Dass der Zinseszins-Effekt nicht nur für Vermögensbildung relevant ist, sondern auch in die andere Richtung bei der Ver- und Überschuldung wirkt, haben die Lernenden danach zügig herleiten können, weil sie die dahinterliegenden Strukturen exponentieller Prozesse eigenständig berechnet, graphisch veranschaulicht und so hinreichend durchdrungen haben.

Die exemplarische Szene aus unserer Unterrichtserfahrung zeigt: Wer die wirksame Kraft hinter dem Zinseszinseffekt, also exponentielles Wachstum, verstanden hat, denkt auch auf makroökonomischer Ebene anders über Altersvorsorge, über Staatsverschuldung, inflationsbedingte Kaufkraftverluste oder den globalen CO2-Verbrauch nach und versteht, warum Klimaschutz heute zwar 1 % der weltweiten Wirtschaftsleistung kostet, Nichtstun jedoch fünf bis zwanzig Mal so viel kosten würde (Stern, 2007).

Genau darin liegt der besondere Wert des Wirtschaftsunterrichts: Er vermittelt nicht nur Wissen über Märkte, Geld oder Konsum, sondern hilft jungen Menschen, gesellschaftliche Entwicklungen in ihren langfristigen Wirkungen zu verstehen, Risiken realistischer einzuschätzen und politische wie persönliche Entscheidungen reflektierter zu beurteilen.

Die Frage der Schülerin, warum ihr das niemand früher erklärt hat, verdient eine ehrliche Antwort: Sie hat Glück, denn ob jemand in Deutschland ökonomische Grundbildung erfährt, hängt davon ab, in welchem Bundesland, in welcher Schulform und bei welcher Lehrkraft man landet. Eine verlässliche Verankerung in den Lehrplänen gibt es nämlich nicht. Zudem wird das Fach häufig von Lehrkräften unterrichtet, die dafür nicht oder nicht vollständig ausgebildet wurden. Dazu aber später mehr. Zunächst ist die entscheidendere Frage: Was könnte dieser Unterricht leisten, wenn er die Chance dazu bekäme?

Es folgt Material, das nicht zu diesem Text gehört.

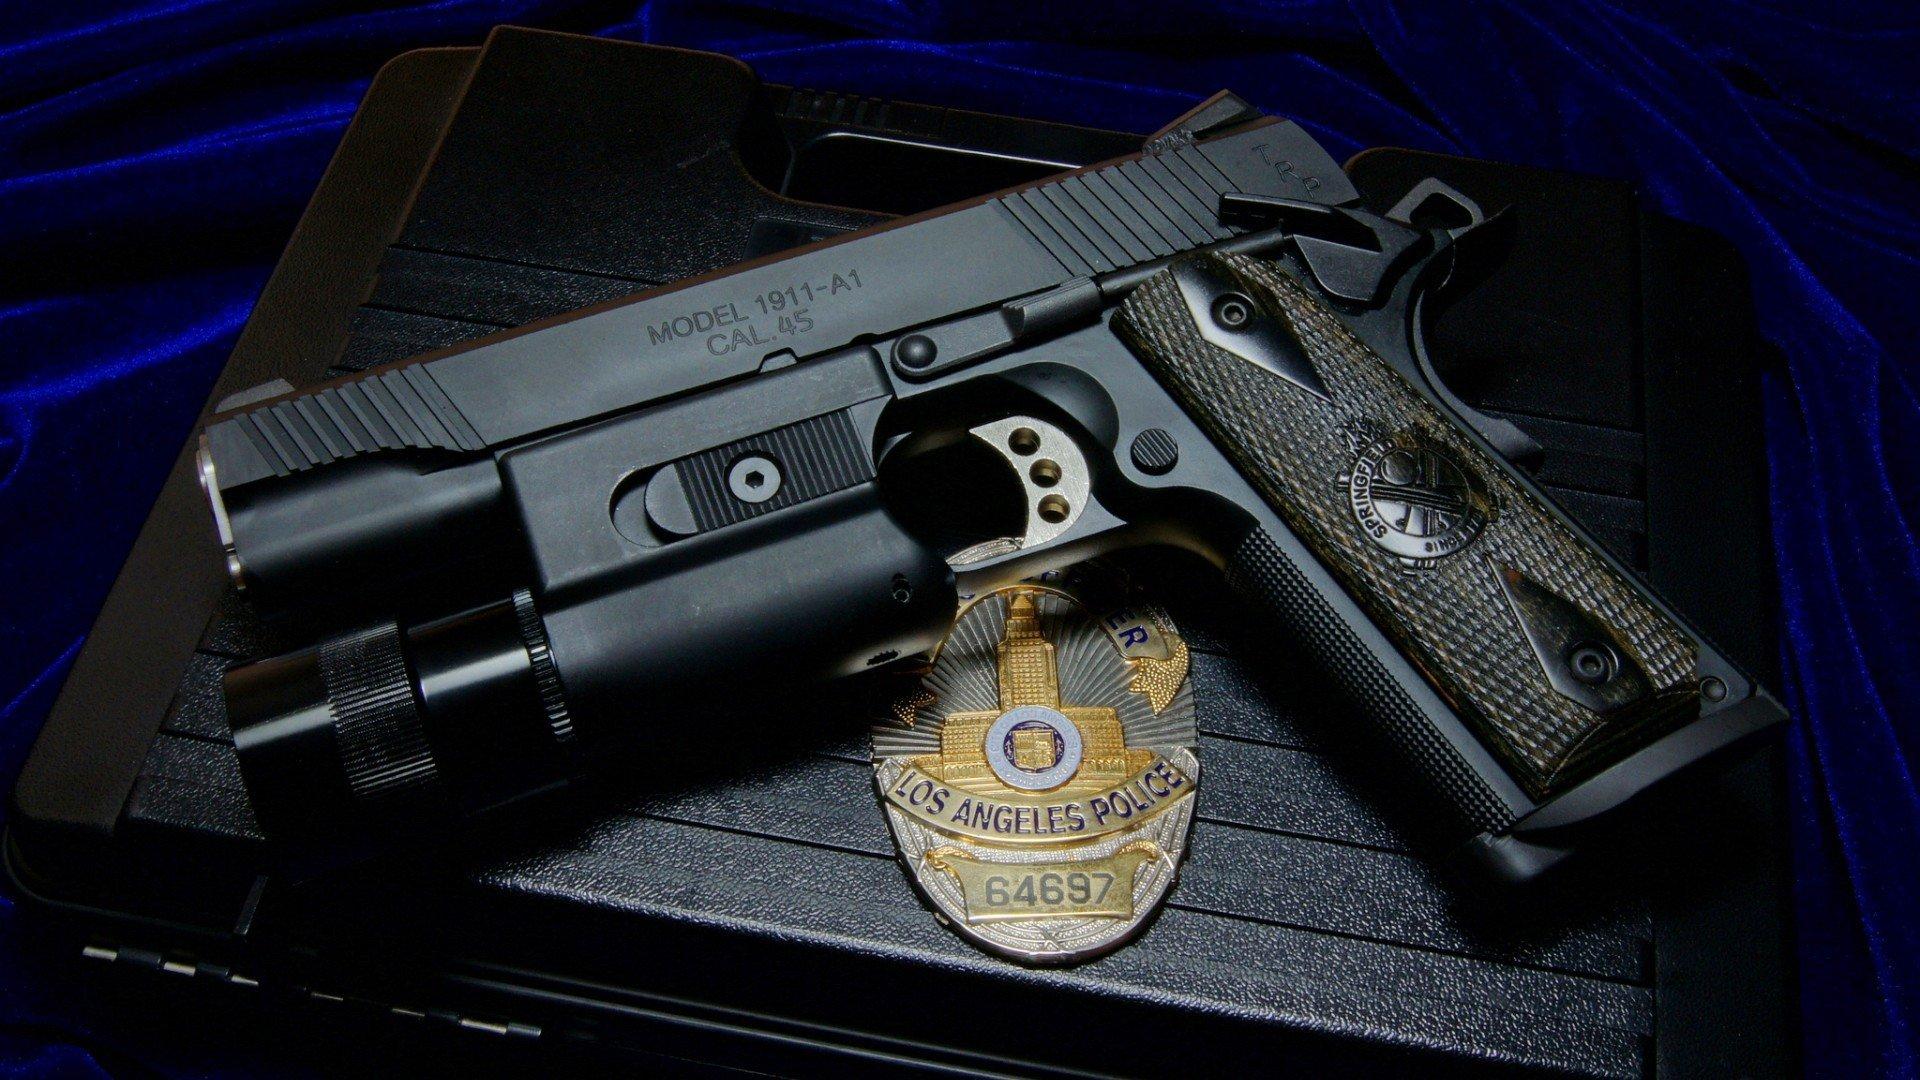 Police cal 45 m1911 gun weapon badge hd wallpapers - Fbi badge wallpaper ...
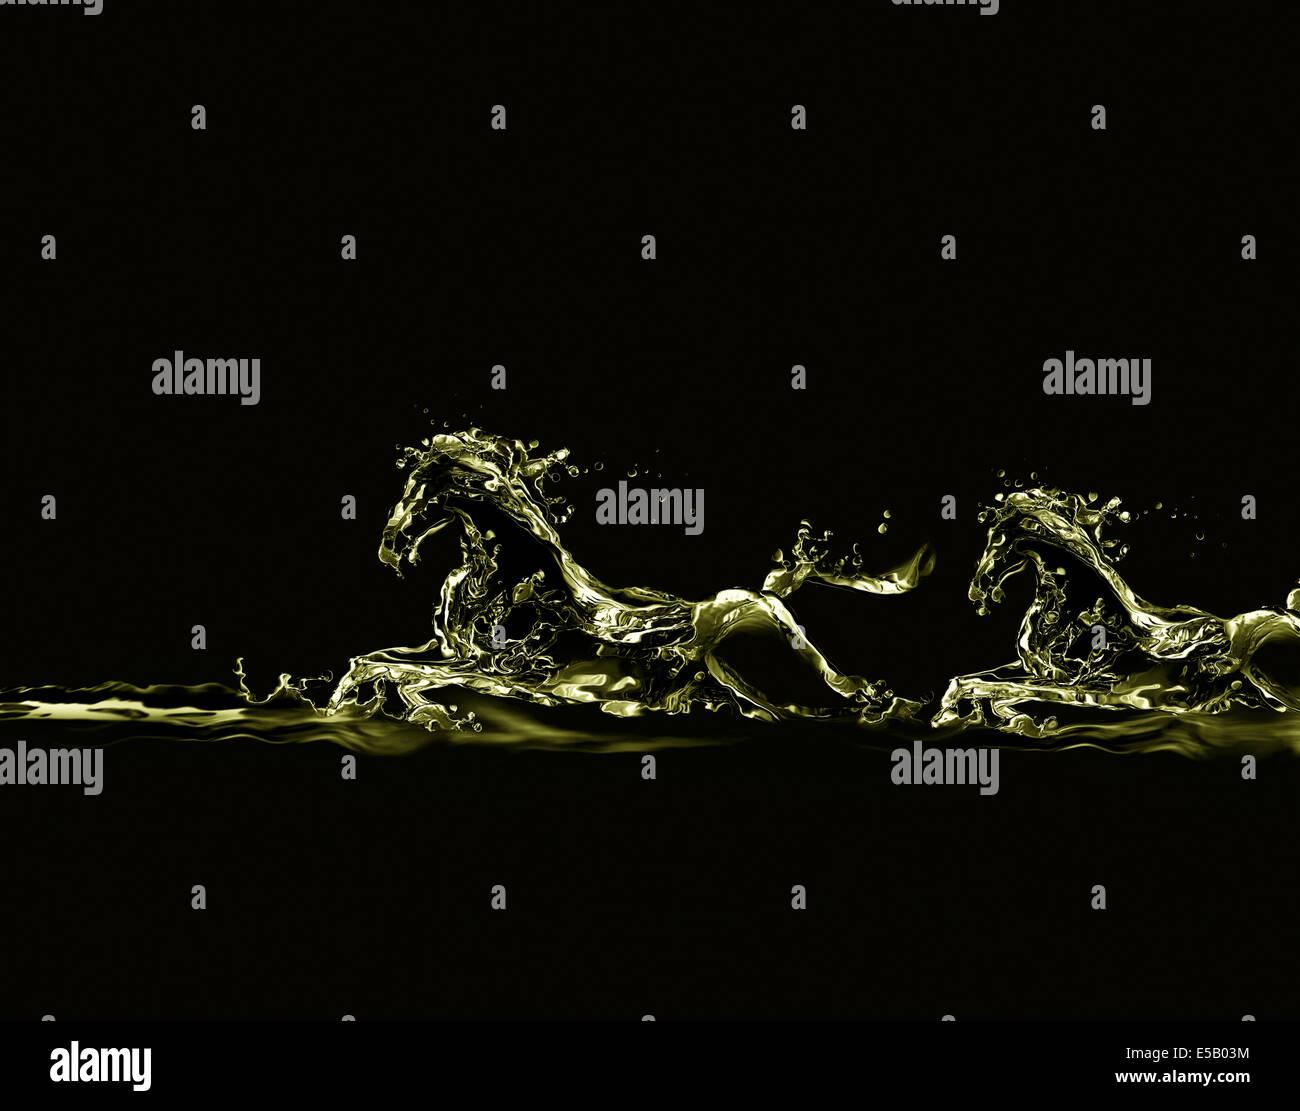 Silhouetten von zwei laufende Pferde hergestellt aus flüssigem Gold auf schwarz. Stockbild

Ein Fach, das nicht konstruieren muss, was andere suchen

Der Zinseszinseffekt ist letztlich nur ein Beispiel dafür, was Wirtschaftsunterricht grundsätzlich auszeichnet: Er muss keine künstliche Brücke zur Lebenswelt der Lernenden bauen, weil der Gegenstand dort bereits wartet. Fragen von Knappheit, Zielkonflikten, Anreizen oder Entscheidungen unter Unsicherheit begegnen jungen Menschen ständig, ob beim Umgang mit Geld, bei Konsumentscheidungen oder im sozialen Miteinander. Es handelt sich dabei nicht um abstrakte Konstruktionen für den Unterricht, sondern um grundlegende Bedingungen menschlichen Handelns. Genau darauf weist auch die Wirtschaftsdidaktik hin: Ökonomische Bildung erschöpft sich nicht im Lernen einzelner Fakten, sondern zielt auf das Verständnis grundlegender Zusammenhänge und Kategorien ab (Kruber, 2000).

Kern einer solchen ökonomischen Bildung ist es, mithilfe einer ökonomischen Perspektive individuelle oder gesellschaftliche Problemstellungen zu erschließen. Aktuelle Phänomene sind daher als Anlässe und nie als Lernziele zu betrachten. Als zwischen 2021 und 2023 die Inflation spürbar wurde und Energiepreise infolge geopolitischer Verwerfungen stiegen, wurde unmittelbar erfahrbar, was sonst abstrakt bleibt: Die Knappheit der Güter bestimmt ihren Preis und die Kaufkraft des Geldes kann sinken. Der pädagogische Wert liegt nicht allein im Ereignis selbst, sondern vor allem darin, dass sich daran grundlegende ökonomische Muster erkennen lassen. In der Fachdidaktik spricht man von Generalisierung: vom konkreten, zeitlich begrenzten Fall zur übertragbaren, langfristigen Wissensstruktur. Diese Generalisierung ist Voraussetzung dafür, dass Unterricht nachhaltig wirkt. Bloßes Faktenwissen hingegen ist in einer Welt des Internets und der künstlichen Intelligenz sekundenschnell auf Abruf verfügbar. Auch ist Faktenwissen gerade in der schnelllebigen Wirtschaftswelt sehr veränderlich. Lieferketten, die über Nacht zusammenbrechen, oder auch politische und ökonomische Entscheidungen unter wachsenden Unsicherheiten belegen dies eindrucksvoll.

Wer jedoch allgemein und abstrakt verstanden hat, wie Anreize Verhalten formen, warum individuelle Rationalität kollektiv ins Gegenteil umschlagen kann und warum Preise Informationen transportieren, kann neue Situationen einordnen, auch solche, die im Lehrplan noch gar nicht vorkommen.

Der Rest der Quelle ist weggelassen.